« poprzedni wątek | następny wątek » |
1. Data: 2008-01-07 21:23:56
Temat: Koc "elektryczny"Witam!
Mam problem z kocem, który "kopie".
Młoda dostała od babci pod choinkę. Zrobiony z takiego cieniutkiego polaru.
No, ale właśnie taki ma feler. Wyprałam go już w płynie zmiękczającym, ale nie
pomogło. Mała ma 9 mies. i jak ją nim owinę i przytulę, to iskra przelatuje
między naszymi policzkami. Nic przyjemnego dla mnie i domyślam się, że dla
niej też nie bardzo. Ostatnio przykrywałam ją w nocy i jak kładłam kocyk na
kołderce, to widziałam, jak mi iskrzył pod palcami.
Macie na to jakąs radę? Kocyk bardzo ładny i nie chciałabym go wyrzucac.
Tapta
--
Wysłano z serwisu OnetNiusy: http://niusy.onet.pl
› Pokaż wiadomość z nagłówkami
Zobacz także
2. Data: 2008-01-12 20:03:48
Temat: Re: Koc "elektryczny"Popsikać porządnie jakimś środkiem antyelektrostatycznym np.
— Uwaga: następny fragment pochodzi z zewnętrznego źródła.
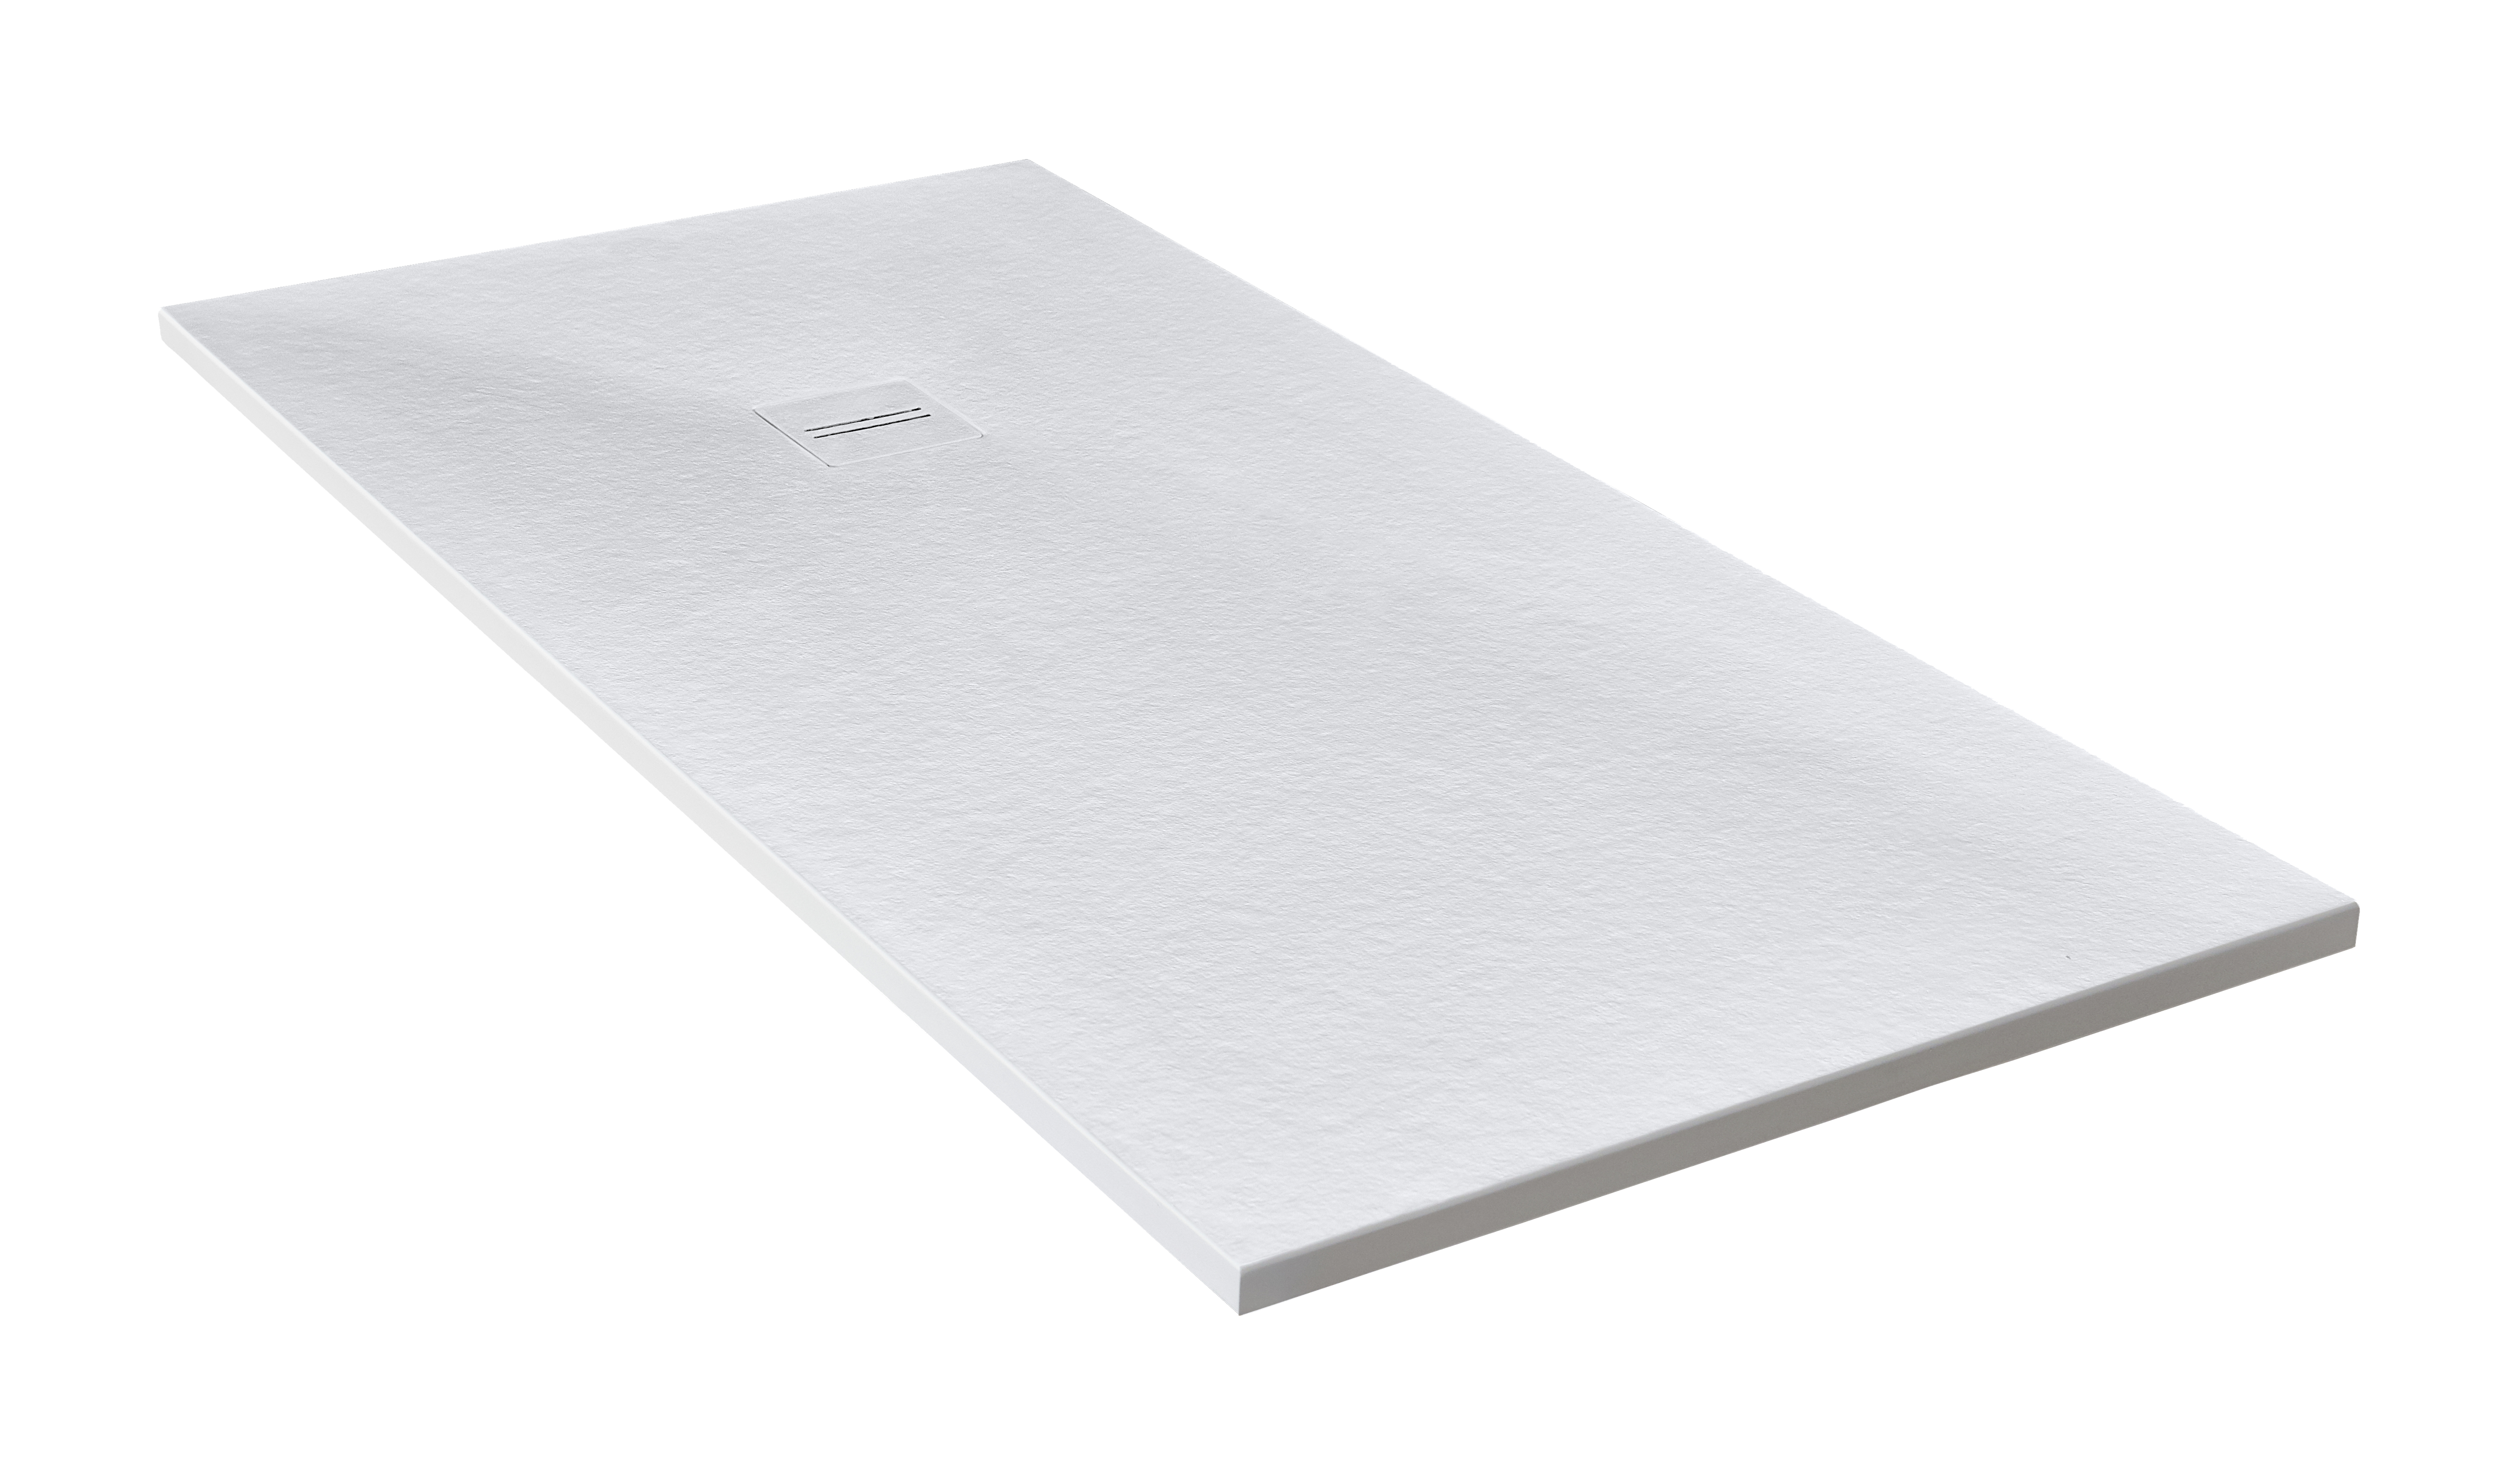 Plato de ducha cosmos 210x85 cm blanco

Ania w sprayu
Jacek
› Pokaż wiadomość z nagłówkami
3. Data: 2008-01-13 14:12:48
Temat: Re: Koc "elektryczny"Date: 7 Jan 2008 22:23:56 +0100, name: Tapta:
> Mam problem z kocem, który "kopie".
> Młoda dostała od babci pod choinkę. Zrobiony z takiego cieniutkiego polaru.
> No, ale właśnie taki ma feler. Wyprałam go już w płynie zmiękczającym, ale nie
> pomogło. Mała ma 9 mies. i jak ją nim owinę i przytulę, to iskra przelatuje
> między naszymi policzkami. Nic przyjemnego dla mnie i domyślam się, że dla
> niej też nie bardzo. Ostatnio przykrywałam ją w nocy i jak kładłam kocyk na
> kołderce, to widziałam, jak mi iskrzył pod palcami.
> Macie na to jakąs radę? Kocyk bardzo ładny i nie chciałabym go wyrzucac.
Może masz za sucho w domu? Może jakiś nawilżacz zlikwidowałby, a
przynajmniej zmniejszył problem. Nawilżacz przy małym dziecku jest
wskazany również z innych powodów (alergie, wysuszanie śluzówek).
--
Pozdrawiam
Miroo
› Pokaż wiadomość z nagłówkami
4. Data: 2008-01-14 09:02:18
Temat: Re: Koc "elektryczny"Użytkownik "Tapta" <j...@o...pl> napisał w wiadomości
news:630c.0000056b.4782986b@newsgate.onet.pl...
> Witam!
>
> Mam problem z kocem, który "kopie".
> Młoda dostała od babci pod choinkę. Zrobiony z takiego cieniutkiego
> polaru.
> No, ale właśnie taki ma feler. Wyprałam go już w płynie zmiękczającym, ale
> nie
> pomogło. Mała ma 9 mies. i jak ją nim owinę i przytulę, to iskra
> przelatuje
> między naszymi policzkami. Nic przyjemnego dla mnie i domyślam się, że dla
> niej też nie bardzo. Ostatnio przykrywałam ją w nocy i jak kładłam kocyk
> na
> kołderce, to widziałam, jak mi iskrzył pod palcami.
> Macie na to jakąs radę? Kocyk bardzo ładny i nie chciałabym go wyrzucac.
Matko boska! Jeszcze dziecko trzymać pod prądem!!!! Masakra.
To to od razu wyrzucić - poza tym pierwsze słyszę że koce elektryczne się
pierze? - przecież to kable - w wirówce mogło się coś uszkodzić, a tym
bardziej woda mogła spowodować korozję kabli.
Jeśli nie chcesz żeby dziecko się usmarzyło albo co innego to nie oszczędzaj
i nie patrz na to że kocyk milutki. Poza tym po co dziecku ogrzewany koc???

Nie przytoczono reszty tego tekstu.